| Supplied data |
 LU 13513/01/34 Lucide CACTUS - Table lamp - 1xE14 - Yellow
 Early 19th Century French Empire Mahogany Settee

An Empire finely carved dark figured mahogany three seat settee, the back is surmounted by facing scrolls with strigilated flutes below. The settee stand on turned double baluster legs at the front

| The task |
The whole of the data must be given back word for word.

| Your solution |
 LU 13513/01/34 Lucide CACTUS - Table lamp - 1xE14 - Yellow
 Early 19th Century French Empire Mahogany Settee

An Empire finely carved dark figured mahogany three seat settee, the back is surmounted by facing scrolls with strigilated flutes below. The settee stand on turned double baluster legs at the front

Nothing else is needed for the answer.